Navigation: Jump to content areas:


Pro Quality. Fan Perspective.
Login-facebook
Around SBN: What If This Is It For The Celtics? End Of An Era Looming

VDS analysis: finding patterns.

 

This is a long one, so grab your espresso now...

 

I was wondering recently if we could look at the seasons VDS scores and determine if there was any predictions that we could make by group (by price).  A note about these groupings: I have grouped some of the higher priced riders together so that I could actually see patterns, so the groups are 20-28, 16-18, 12-14, 8-10, 6, 4, 2 and 1.  And yes I have and will continue to ignore both Contador and Valverde.  

Below the flip, I compare these two groups using two separate approaches.  

 

 

Star-divide

 

 

First of all, a theory of pricing (at least in my head) would be that higher priced riders should bring in more points.  So to look at this we can calculate the average Points per price for each group (PPP = sum(points)/sum(price)).  

Here is a graph of points plotted against PPP.  I theory the line should be generally from bottom left to upper right if increased price predicts increased income (hmmm... apparently I don't know how to show graphs made in google docs...help anyone?).  So here's the table for said graph:

 

1 37.64

2 38.34

4 51.34

6 41.95

8-10 49.12

12-14 56.24

16-18 38.18

20-28 56.99

What you might notice (which is screamingly obvious in the graph) is that for the most part, the more you spend on a rider, the more you get.  However, there are two exceptions, the 4 pt'ers are higher than expected, and the 16-18 pt'ers are lower.  The fact that the average points per price is slightly lower for the 16-18's as the 2's is kind of embarrassing.  

 

But averages can only tell you us much,  so I looked at each group's distributions.  To do this I took the full range of scores in a group, and split that into 4.  Then I assigned each of the riders in the group to one of the 4 quartiles based on their score and looked at the distribution amongst the four quartiles.  If the score in a group are normally distributed., then you would expect that the quartiles to look something like this:


 

4th   15%

3rd   33%

2nd   33%

1st   15%

 

with more of the riders clustered around the average score.  i will go through each group in turn.    Percentages may not add to 100 because I am a lazy rounder.  Numbers in brackets are the score range for that quartile.  

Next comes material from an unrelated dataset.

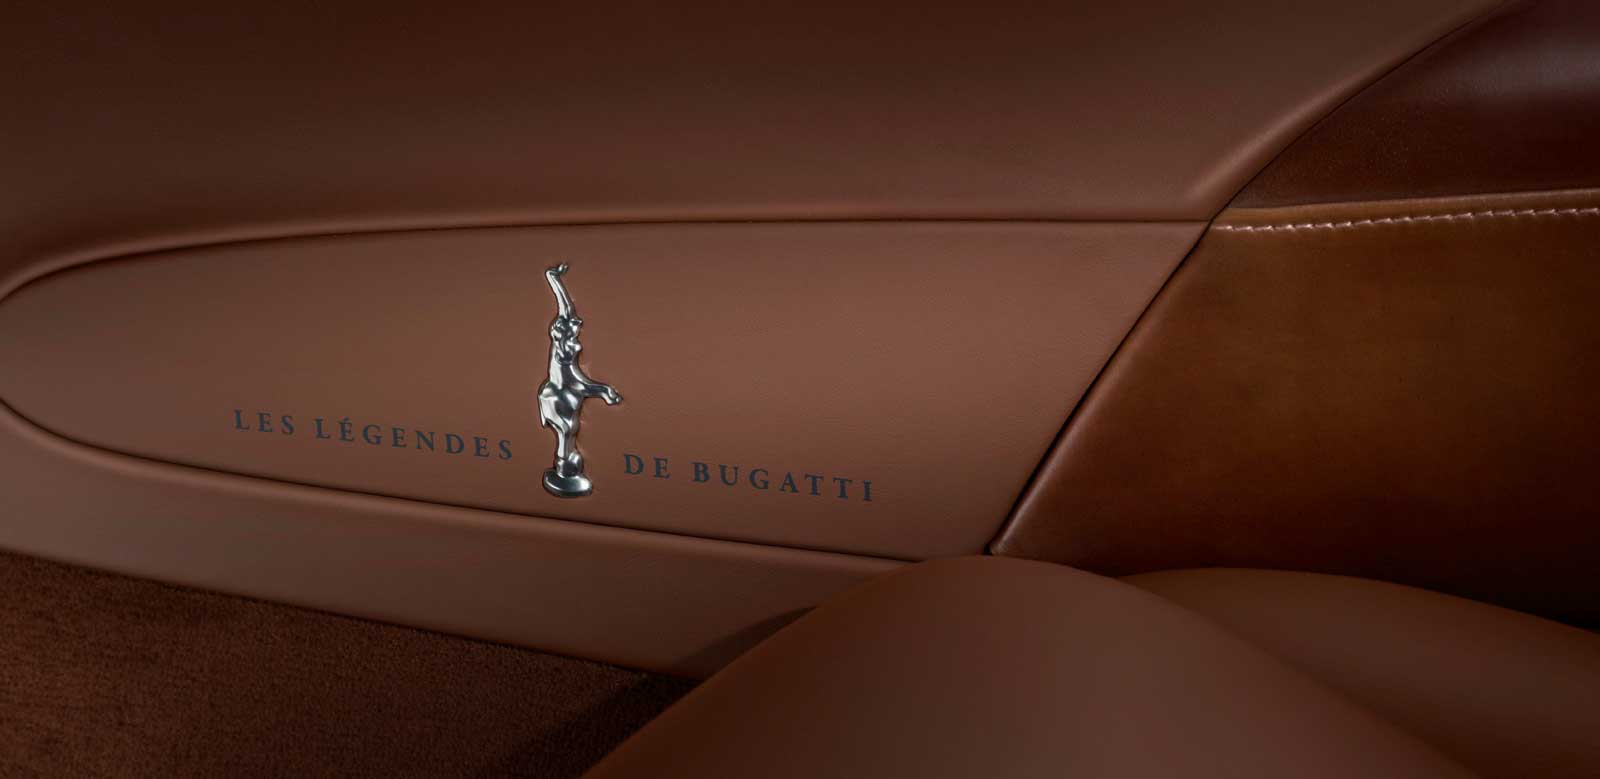 Bugatti, Bugatti-Veyron-Ettore-Bugatti-Edition-Mark: Nama “Ettore Bugatti” Digunakan Sebagai Nama Terakhir Bugatti Veyron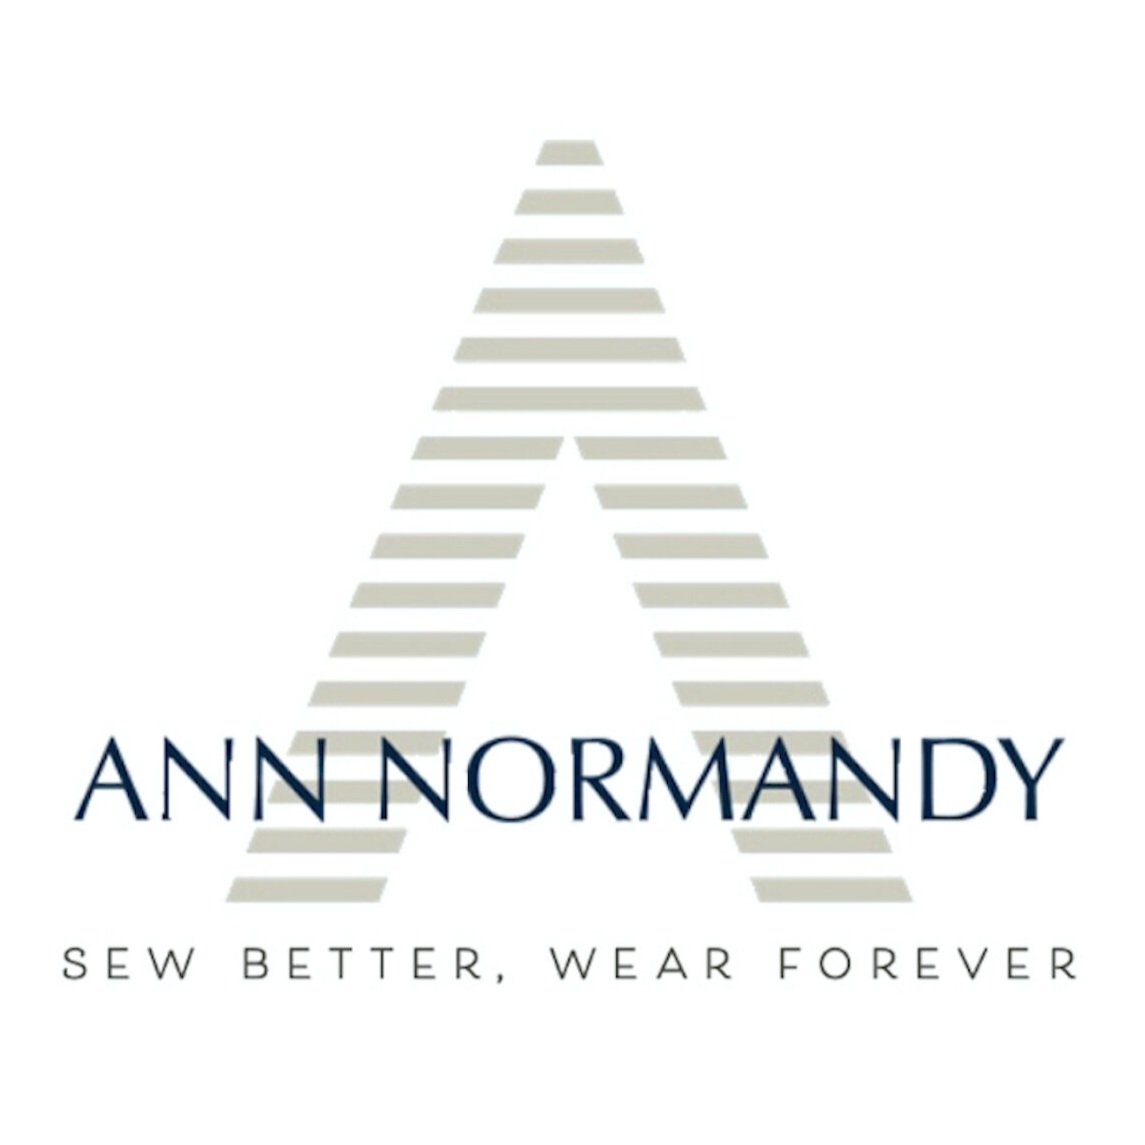 Sewing Patterns | Ann Normandy Design

In my initial analysis I used all riders in the group unless there was a good reason for their exclusion.  But in the last big VDS analysis the issue of non-scorers was raised, so I will include a second breakdown of groups where exclusion of non-scorers changes things dramatically.  

 

20-28pt (13 riders)

4th (1746-2140): 15%

3rd (1347-1746): 38%

2nd (948-1346): 23%

1st (550-947): 23%

 

This distribution is normalish.  Most of the riders are in the middle quartiles.  This isn't the biggest group (only 13 riders) so 1st and 4th quartile only differ by 1 rider.  You are just as likely to boom as bust with this group.  But its a pretty safe bet.  (no non-scorers)

16-18pt (13 riders)

 

4th (766-994): 46%

3rd (537-765): 7%

2nd (308-536): 7%

1st (80-307): 38%

 

First of all, I have excluded both Nibali and Pellizotti have been excluded. Nibs is an animal scoring over twice the second rider in the group (Basso), and Franco's big fat donut has non sporting reasons (and he was the only non-scorer).  We knew from the PPP graph that this group was weird, and now we know why.  The distribution is split with almost half of the riders in the top quartile and same with the bottom.  Not only is this an underperfoming group on average, but the distribution is also split with almost half of them flopping massively.  **Risky group**

12-14pt (15 riders)

 

4th (1127-1482): 20%

3rd (773-1127): 13%

2nd (419-773): 33%

1st (65-419): 33%

 

Like in the last group I excluded the obvious outliers, in this case J-Rod and Kim Kirchen.  Here we see  almost the identical average PPP at the high rollers in the 20-28 group.  But as you can see from the distribution, this is due to the hared work of a few. (again, no non-scorers besides Kirchen)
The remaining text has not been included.